■ **Task objective**:
From the entries that follow, copy exactly the lines beginning at the line holding "Chronograph Fossil Ch" and continuing through the line holding "Sony Watchman display".

■ **Data supplied**:

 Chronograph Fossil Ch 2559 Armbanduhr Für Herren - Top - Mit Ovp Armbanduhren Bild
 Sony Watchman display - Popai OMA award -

--

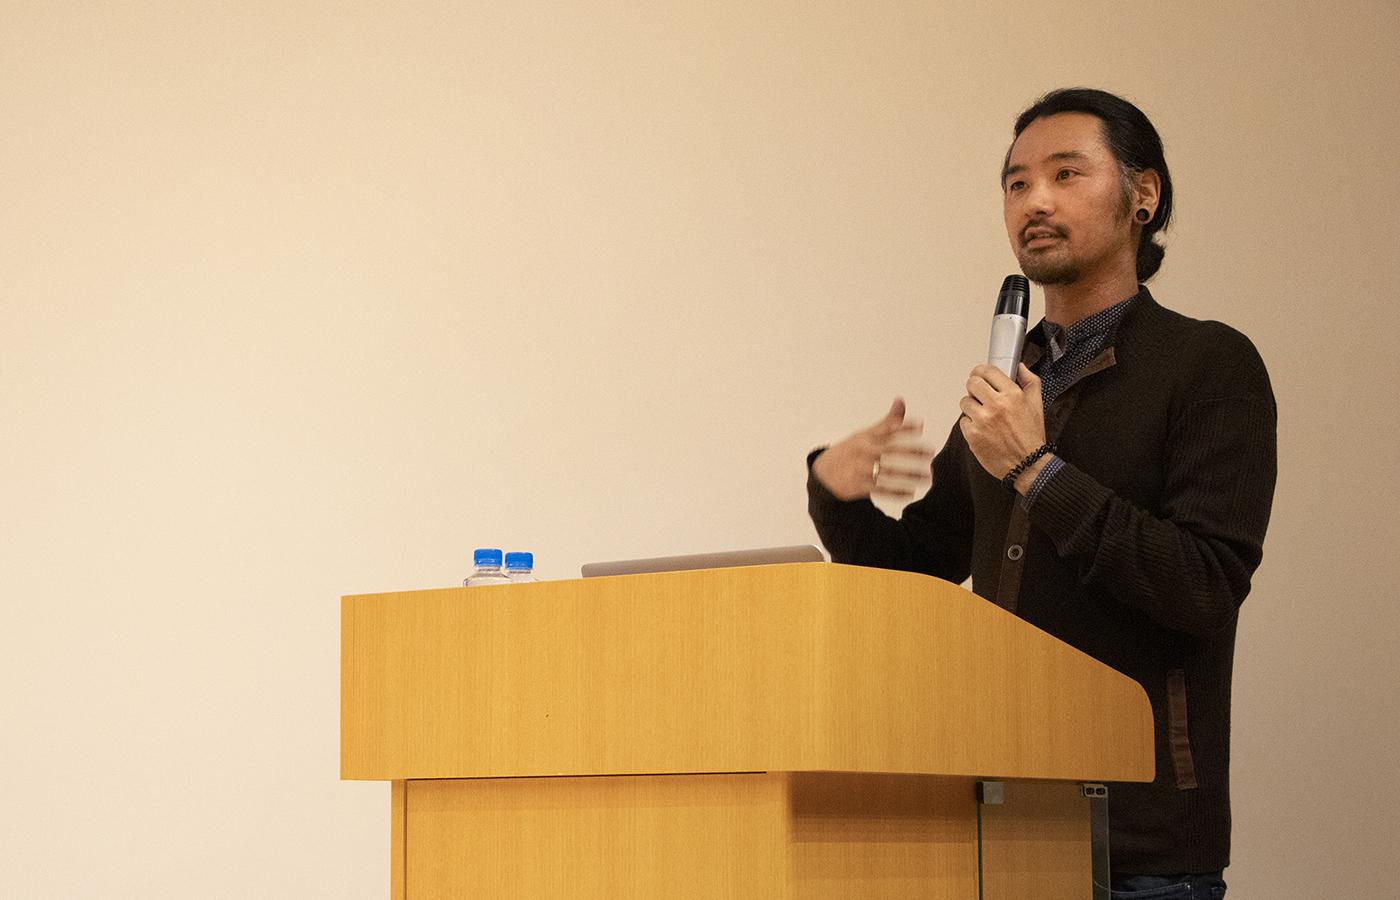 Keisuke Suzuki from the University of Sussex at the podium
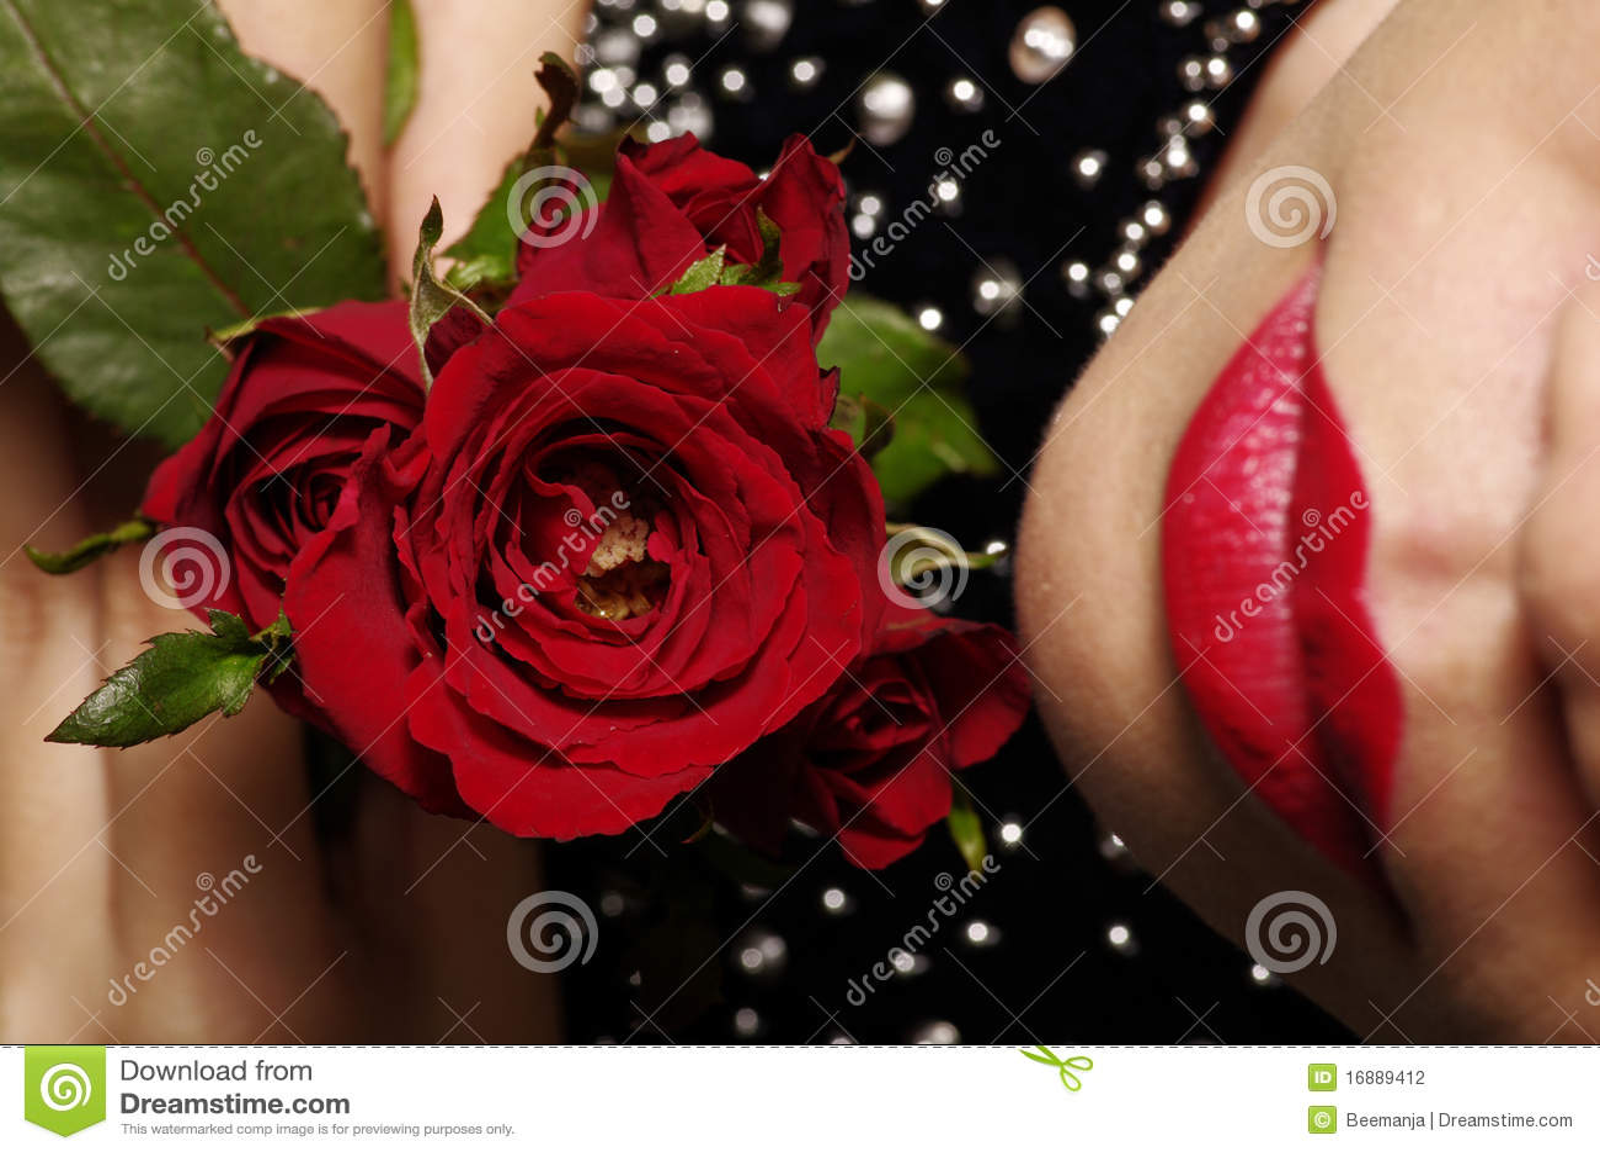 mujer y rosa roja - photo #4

■ **Solved exercise**:
 Chronograph Fossil Ch 2559 Armbanduhr Für Herren - Top - Mit Ovp Armbanduhren Bild
 Sony Watchman display - Popai OMA award -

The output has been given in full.